Afortunadamente, de un tiempo para acá soy inmune a la gente que habla como si el resto del planeta tuviera que seguir su ejemplo. No importaba que fuera Paula. En lo más profundo de mí, seguía convencido de poder pilotear la vuelta sin ningún problema. Al final de cuentas, sus palabras no eran más que una sutil anomalía de la mañana. Algo irreal que nada tenía que ver conmigo. Eso sí: tampoco estaba dispuesto a que ella se eternizara en el tema. De modo que, con mucha calma, le sugerí que no se preocupara por mí. Que andaba súper bien y que, sin lugar a dudas, me las arreglaría. En un primer instante, el plan marchó sobre ruedas, en el sentido más literal del término. Hasta que de pronto sufrí una borrada impresionante. De esas que lo fulminan a uno por dentro y por fuera. Una reseteada total. Y no solamente sobre lo que estaba diciendo en ese preciso instante, sino acerca de todo. Acerca de siempre. Algo tan radical que me quedé en blanco. Como si no recordara el lenguaje más básico. Ni el paso del tiempo. Ni la lógica del espacio. Ni quién era yo. Ni quién era ella. Ni qué hacíamos allí sentados. Como si por avatares del destino, yo acabara de saltar de un sueño a otro y recién estuviera buscando las primeras referencias para ubicarme.
Lo único rescatable de esa súbita caída al vacío fue que apenas duró un suspiro, y enseguida volví a reconocer la situación. La avenida del Ferrocarril. El desayunadero. La otra Paula. Su discurso en clave de reproche. Yo mismo en clave de ruedas. Lo que más me disgustó, sin embargo, fue ver que a esas alturas del desayuno Paula me miraba como a una porcelana que acaba de romperse en mil pedazos contra el suelo. Una mirada tan gélida y concluyente que ya no supe ni cómo sentarme, ni cómo moverme, ni cómo respirar, ni cómo mirar. Además, para mi propia perdición, no se me ocurrió nada más original que tratar de deshacer el instante de la manera más obvia. Como quien cambia de canal, arrastrando todos los programas anteriores a los confines de la memoria. Digo esto porque en un simple movimiento reflejo levanté de nuevo el periódico y me puse a leer los deportes. Pasé una página en la que Medellín había ganado, otra en la que Nacional había perdido y otra en la que Envigado había vendido un jugador a un equipo de la liga inglesa, como si matara el tiempo en soledad, y Paula ni siquiera estuviera pintada en la pared.
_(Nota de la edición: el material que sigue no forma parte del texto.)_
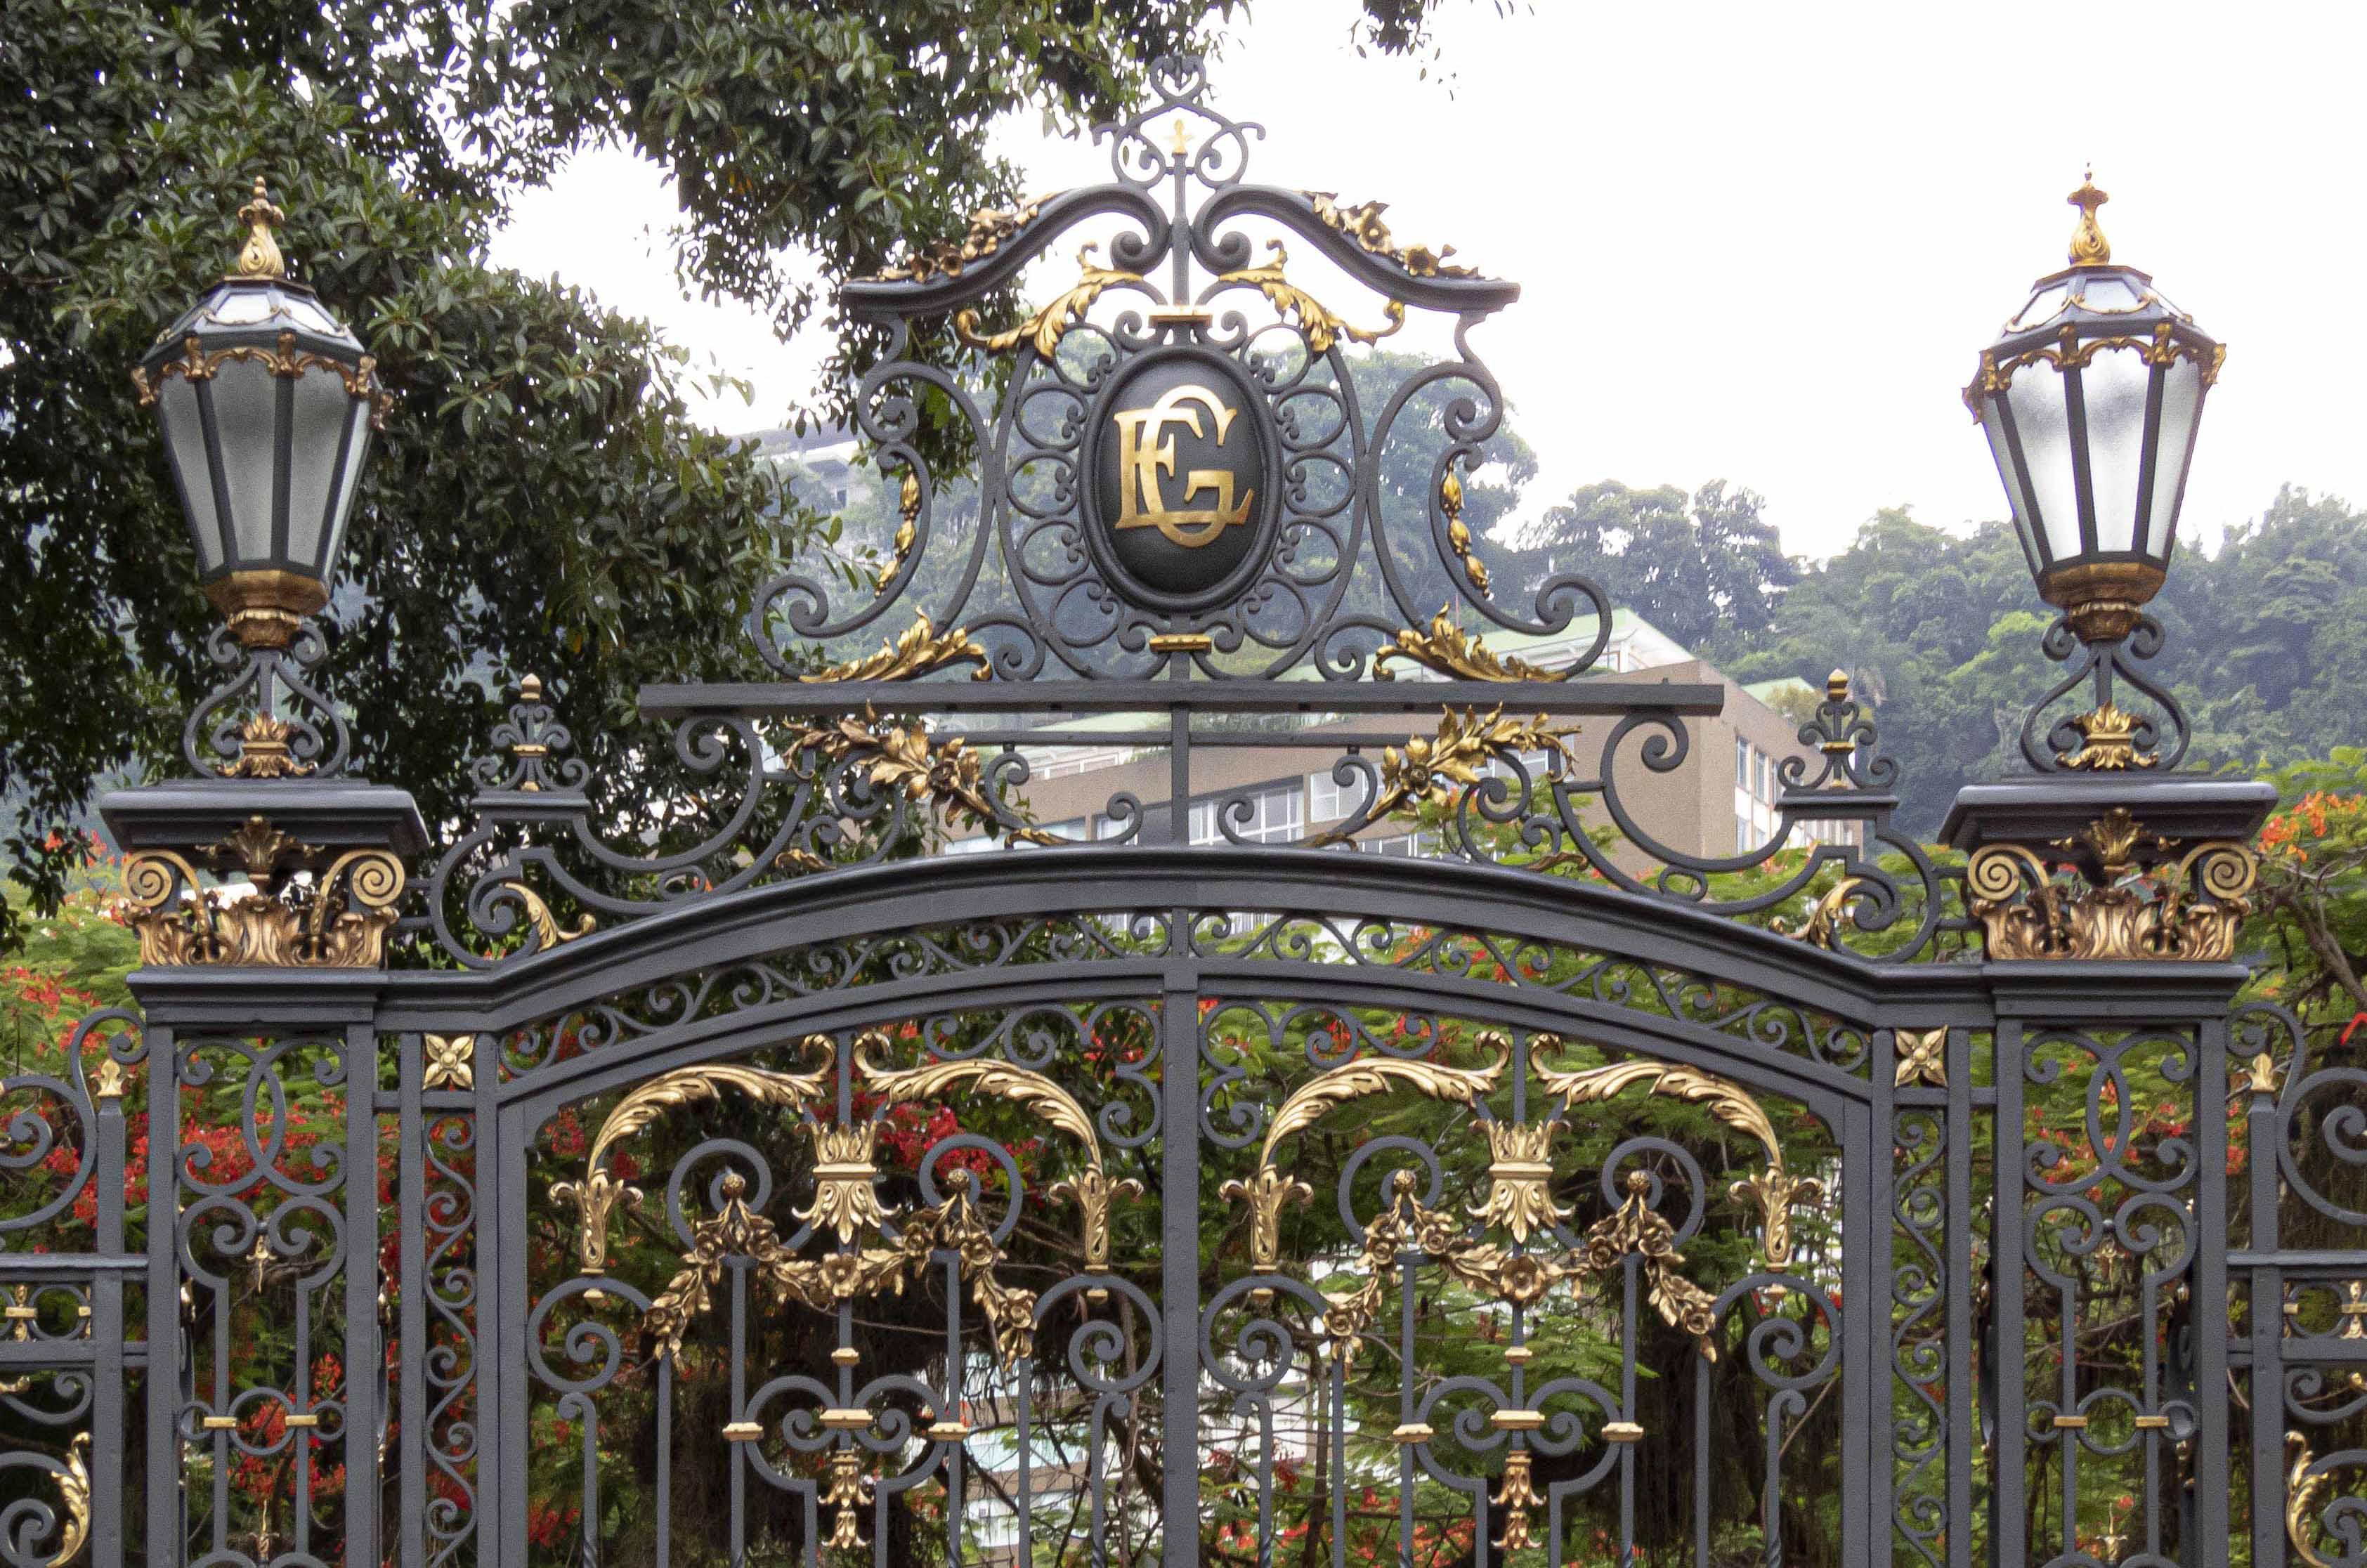 Detalhes do portão de ferro e bronze

Unos segundos después, mis brazos bajaron el periódico y regresé de inmediato al canal de Paula. Traté de mirarla como si nada hubiera pasado y noté que me observaba con expresión crispada. Como si acabara de convertirme en insecto delante de ella y mis alas empezaran a incomodarle. Su reacción no me afectó en lo más mínimo. Al menos no para mal. Tanto así que, de un instante a otro, la vida surgió ante mí como un lienzo en blanco y supe con total claridad que ya no había nada más que decir entre nosotros. Éramos solo dos extraños que vagaban por ahí, empeñados en representar sus papeles de otra época, en seguir un diálogo planeado con descuido, en sostener dramas anacrónicos, gestos desgastados, volutas hechas de recuerdo. Todo me llegó de golpe. En una certeza inusual. Tajante. Definitiva. Una fabulosa revelación que sintetizó cada uno de los instantes pasados, presentes y futuros. De ahí en adelante, el tiempo lució como una gran llanura por la que podía caminar a mi antojo.